Но навещали наши берега и другие островитяне, хотя и довольно далеко от Баккипа. Они приходили с ножами и факелами, с луками и стенобитными таранами, чтобы грабить и насиловать в тех же селениях, в которых они грабили и насиловали долгие годы. Иногда это казалось кровавым и тщательно разработанным состязанием: они искали неподготовленные и плохо вооруженные селения, а мы пытались заманить их уязвимыми на вид целями, а потом убивать и грабить самих пиратов. Но если это и было состязание, то в это лето счет был не в нашу пользу. Каждый мой визит в город был полон новостями о новых разрушениях и возрастающем ропоте.
Наверху, в замке, солдаты поговаривали о странной глупости командования, и я разделял это мнение. Островитяне с легкостью уходили от наших патрульных кораблей и никогда не попадали в наши ловушки.
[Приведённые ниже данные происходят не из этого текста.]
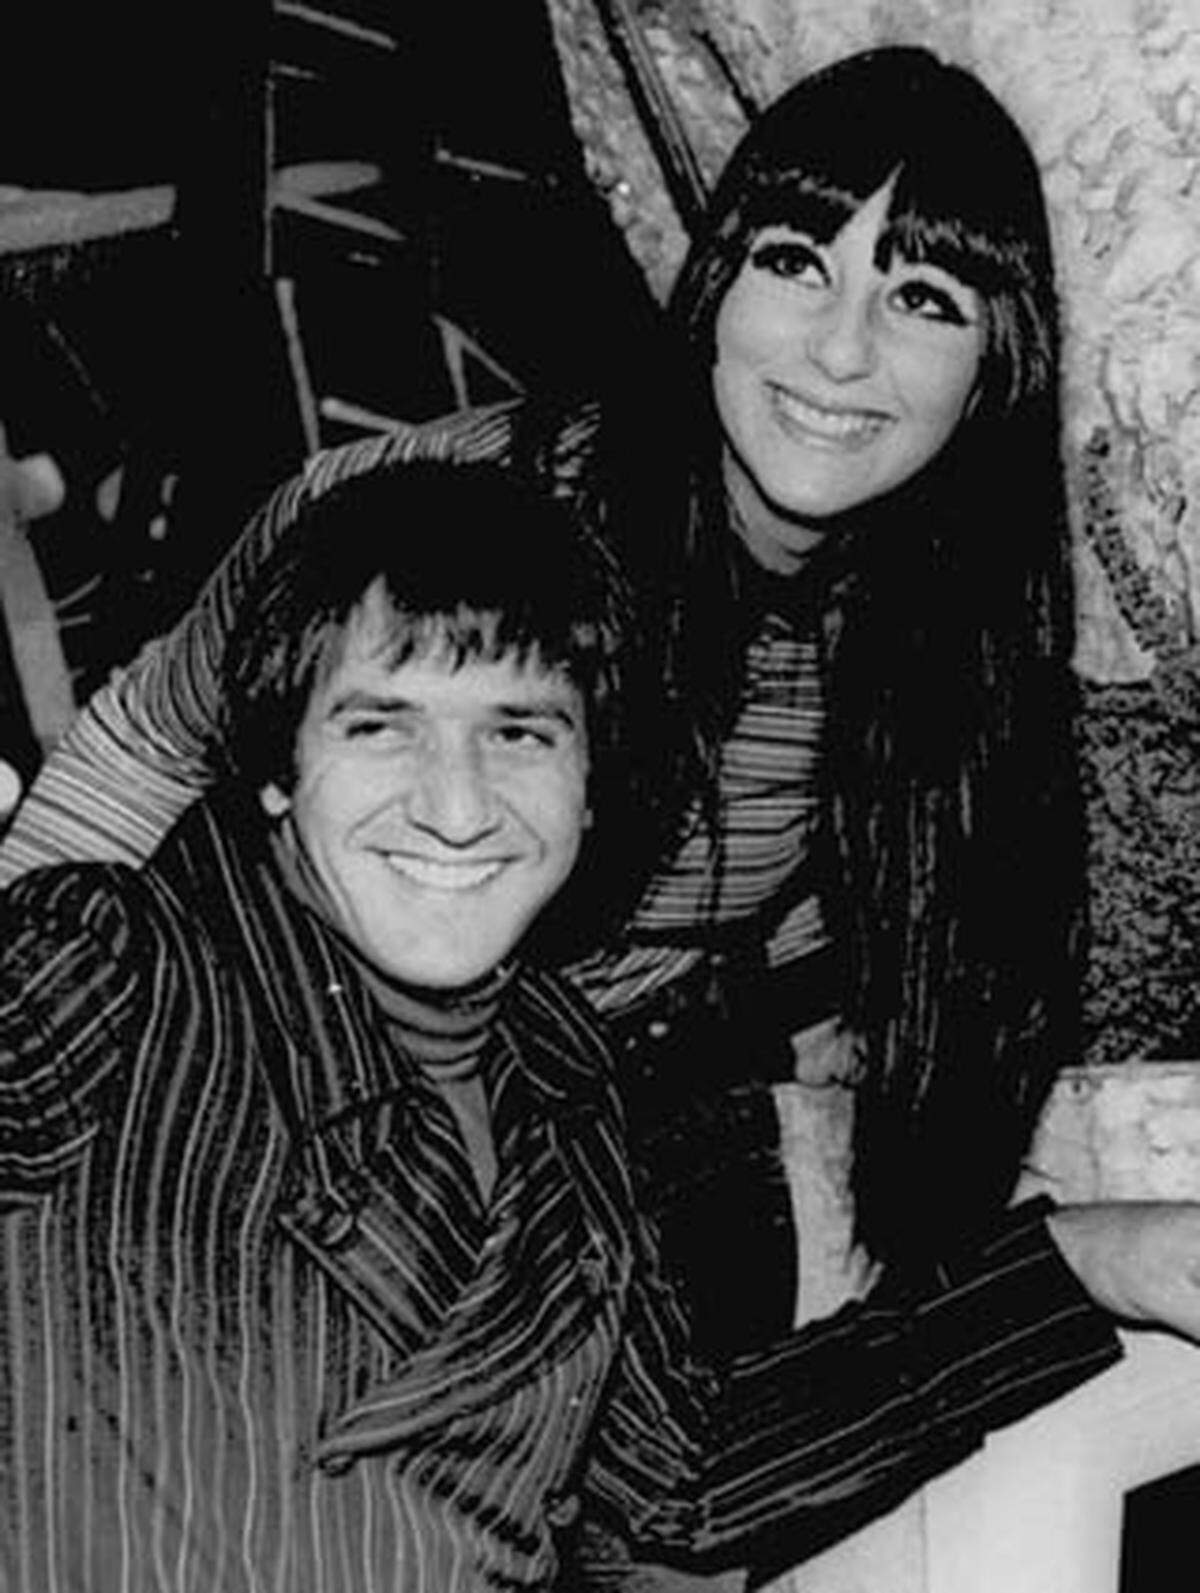 Das Duo 'Sonny und Cher' wurde mit Liedern wie 'I got you, Babe' bekannt. Cher verfolgte ihre musikalische und schauspielerische Karriere erfolgreich bis zum heutigen Tag. Ihr damaliger Ehemann Sonny entschied sich aber, die politische Bühne zu betreten. Der Sänger und Schauspieler wurde mit seinem richtigen Namen Salvatore Phillip Bono Bürgermeister von Palm Springs in Kalifornien und gewann 1994 als Republikaner einen Sitz im US-Repräsentantenhaus. 1998 erlitt er tödliche Verletzungen bei einem Skiunfall.

Они нападали именно там, где наша оборона была слабее всего, где мы меньше всего ожидали набега. Наиболее тяжело это ударило по Верити, потому что после отречения Чивэла именно на него легла обязанность защищать королевство. В тавернах ворчали, что с тех пор, как он лишился добрых советов брата, все пошло наперекосяк. Никто еще не роптал на Верити, но плохо было уже и то, что никто особенно не защищал его.
По детской наивности я считал набеги островитян чем-то не имеющим ко мне отношения. Конечно, это было очень плохо, и мне даже было жалко несчастных, чьи дома были сожжены или разрушены. Но, будучи в безопасности стен Оленьего замка, я мало понимал, в каком постоянном страхе и настороженности вынуждены жить другие портовые города или до какого отчаяния доведены люди, которые каждый год строятся заново только для того, чтобы все их усилия пошли прахом следующим летом. Но мне недолго было суждено пребывать в своем невинном невежестве.
В одно прекрасное утро я пошел на «урок» к Барричу, хотя по-прежнему проводил не меньше времени, занимаясь лечением животных и объезжая молодых лошадей. В некоторой степени я занял в конюшне место Коба, а он стал личным грумом и псарем Регала. Но в этот день, к моему удивлению, Баррич отвел меня наверх, в свою комнату, и посадил у стола. Я испугался, что придется все утро скучать за починкой упряжи.
– Сегодня я буду учить тебя, как себя вести. Манерам то есть, – внезапно заявил Баррич. В его голосе звучало сомнение, как будто он скептически относился к моим способностям в этом вопросе.
– С лошадьми? – спросил я недоверчиво.
– Нет. Это ты уже умеешь. С людьми. За столом и потом, когда они сидят и разговаривают друг с другом. Вот таким вот манерам.